University of Maryland College Park


The research team at the University of Maryland's Cloud Computing Center at College Park is working on a range of projects funded by the National Science Foundation (NSF). They include: A Hadoop Toolkit for Distributed Text Retrieval; Data-Intensive Text Processing; Commodity Computing in Genomic Research; and a series of other independent studies.

  •   Research Projects  
  •   Resources  

Research Projects

A Hadoop Toolkit for Distributed Text Retrieval
Text search is a technology that is vital for modern information-based societies. Today's systems face the daunting challenge of handling quantities of text previously unimaginable. Cluster computing is the only practical solution for addressing the issue of scale. This project leverages the MapReduce framework (via the open-source Hadoop implementation) to tackle issues of robustness and scalability in processing large amounts of data for information retrieval applications.
Cloud Computing Center
The Cloud Computing Center at the University of Maryland, which started in the fall of 2009, consists of individuals drawn from multiple disciplines interested in collectively shaping the future of cloud computing through research, education, and outreach. Their work focuses on applications of cloud computing, cloud architectures and infrastructure, as well as broader societal issues.
Commodity Computing in Genomic Research
This NSF CLuE project focuses on developing parallel algorithms for analyzing the next generation of sequencing data. Scientists can now generate the rough equivalent of an entire human genome in just a few days with one single sequencing instrument. The analysis of this data is complicated by their size - a single run of a sequencing instrument yields terabytes of information, often requiring a significant scale-up of the existing computational infrastructure needed for analysis.
Data-Intensive Text Processing
The NSF CLuE initiative is funding a machine translation project that promises to bridge the language divide in today's multi-cultural and multi-faceted society.
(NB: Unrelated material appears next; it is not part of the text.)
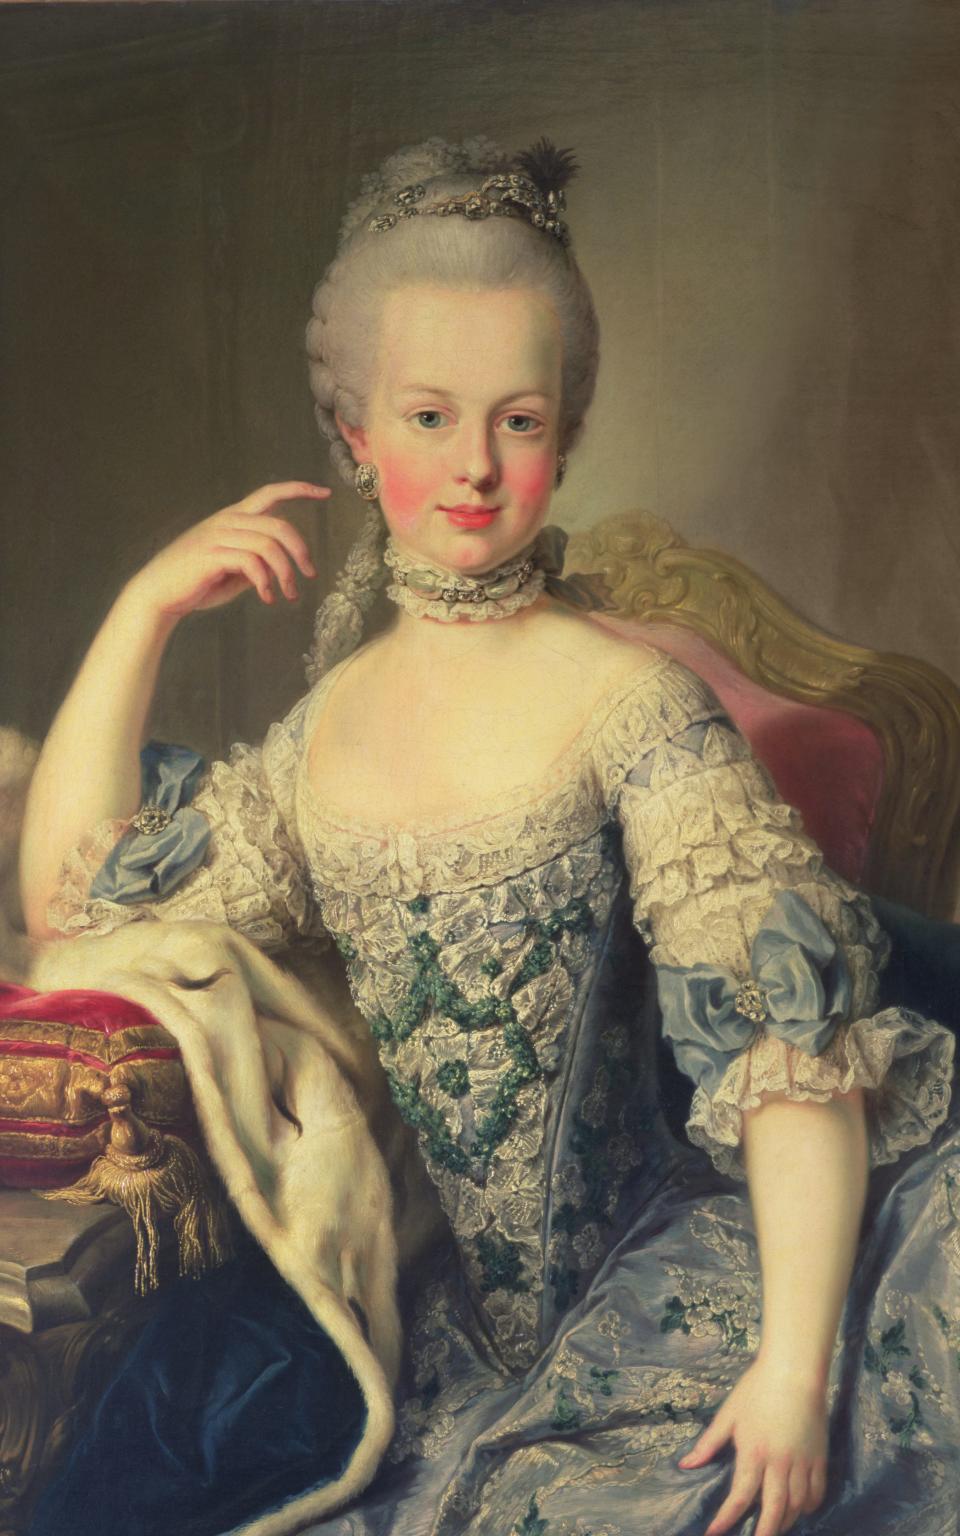 Marie Antoinette was renowned for her love of diamonds and pearls - This content is subject to copyright.
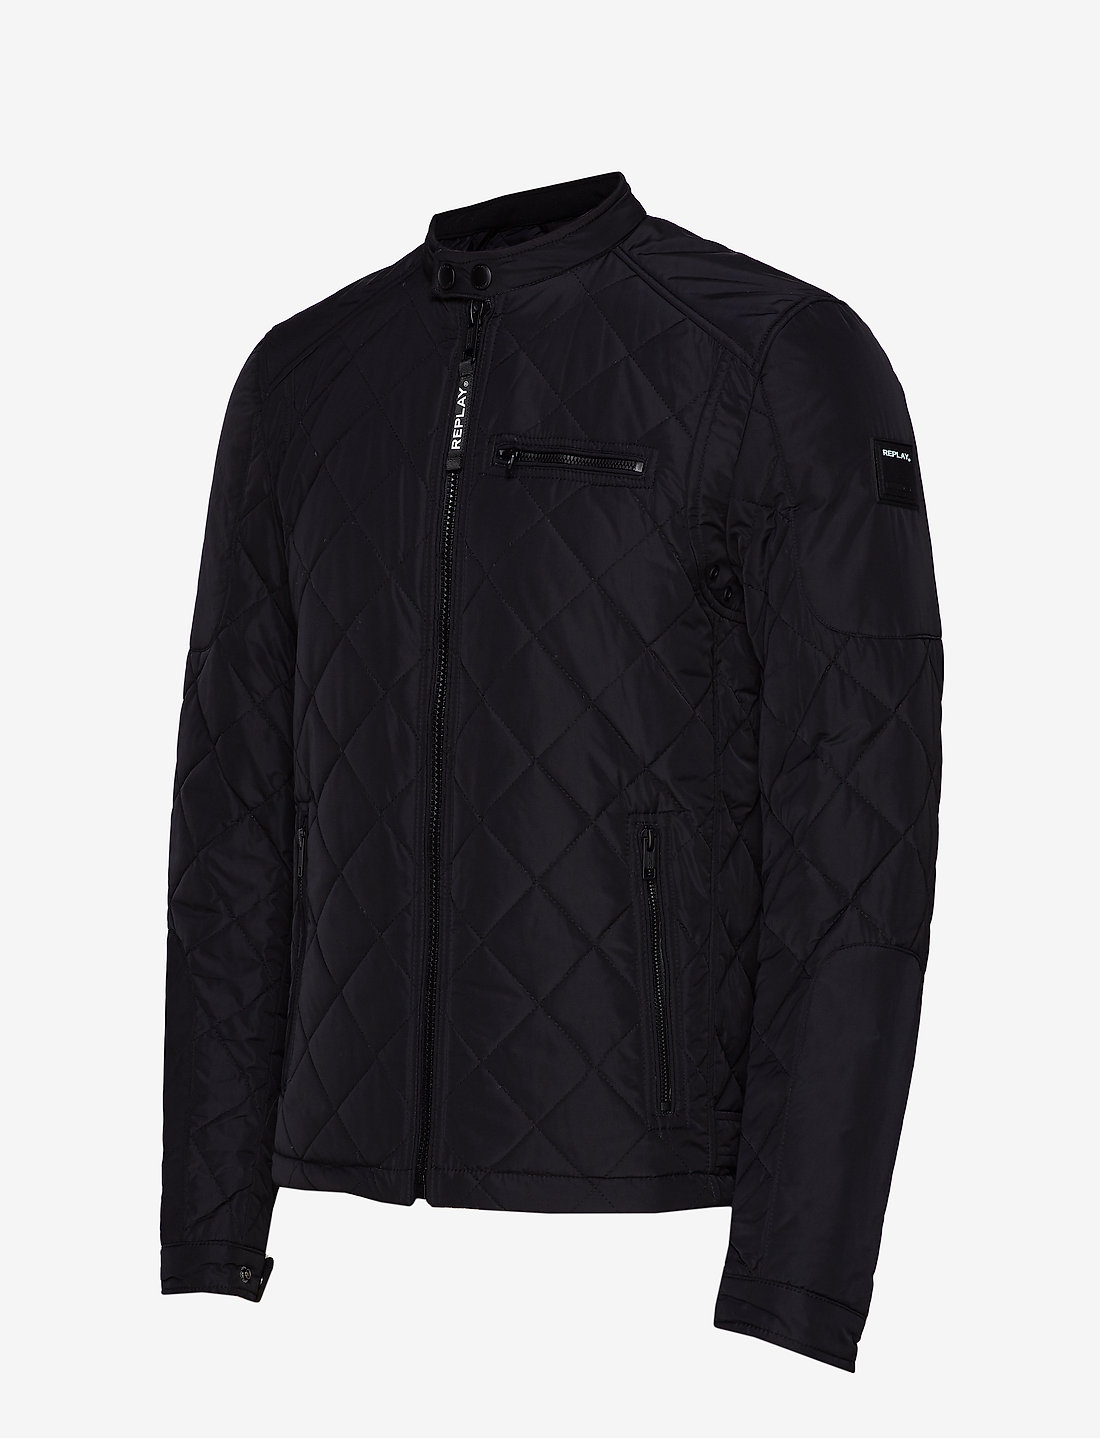 easy Replay - jackets online Boozt.com. Jacket Fast at Replay €. 89.94 Quilted and delivery from returns Buy

Systems capable of converting text from one language into another have the potential to transform how diverse individuals and organizations communicate.

Resources

Presentation: Research and Education with MapReduce/Hadoop: Data-Intensive Text Processing and Beyond PDF
Research and Education with MapReduce/Hadoop: Data-Intensive Text Processing and Beyond


Presentation: Commodity Computing in Genomic Research PDF
Commodity Computing in Genomic Research


Other: Cloud9: A MapReduce Library for Hadoop
Cloud9 was designed to serve as both a teaching tool and to support research in text processing. It was used in cloud computing courses at the University of Maryland. The library itself is available as a big tarball or via anonymous Subversion checkout. Like Hadoop itself, Cloud is distributed under the Apache License.


Video: An Interview with Mihai Pop about his CluE Initiative-Support Research
The assistant professor of computer science at the University of Maryland, Mihai Pop, discusses his research as part of the Clue initiative between Google, IBM and NSF. His research focuses on developing parallel algorithms for analyzing the next generation of sequencing data. Scientists can now generate the rough equivalent of an entire human genome in just a few days with one single sequencing instrument. The analysis of this data is complicated by their size - a single run of a sequencing instrument yields terabytes of information, often requiring a significant scale-up of the existing computational infrastructure needed for analysis.


Video: Research and Education in the Clouds: Experience at the University
In this talk Jimmy Lin, Associate Professor in the iSchool at the University of Maryland, presents Cloud Computing activities at the University of Maryland, in collaboration with Google/IBM under the Academic Cloud Computing Initiative and in partnership with Amazon Web Services. Efforts include semester-long Hadoop courses, as well as research projects in text processing and bio-informatics. He focuses on his attempts to integrate research with education, to the benefit of both.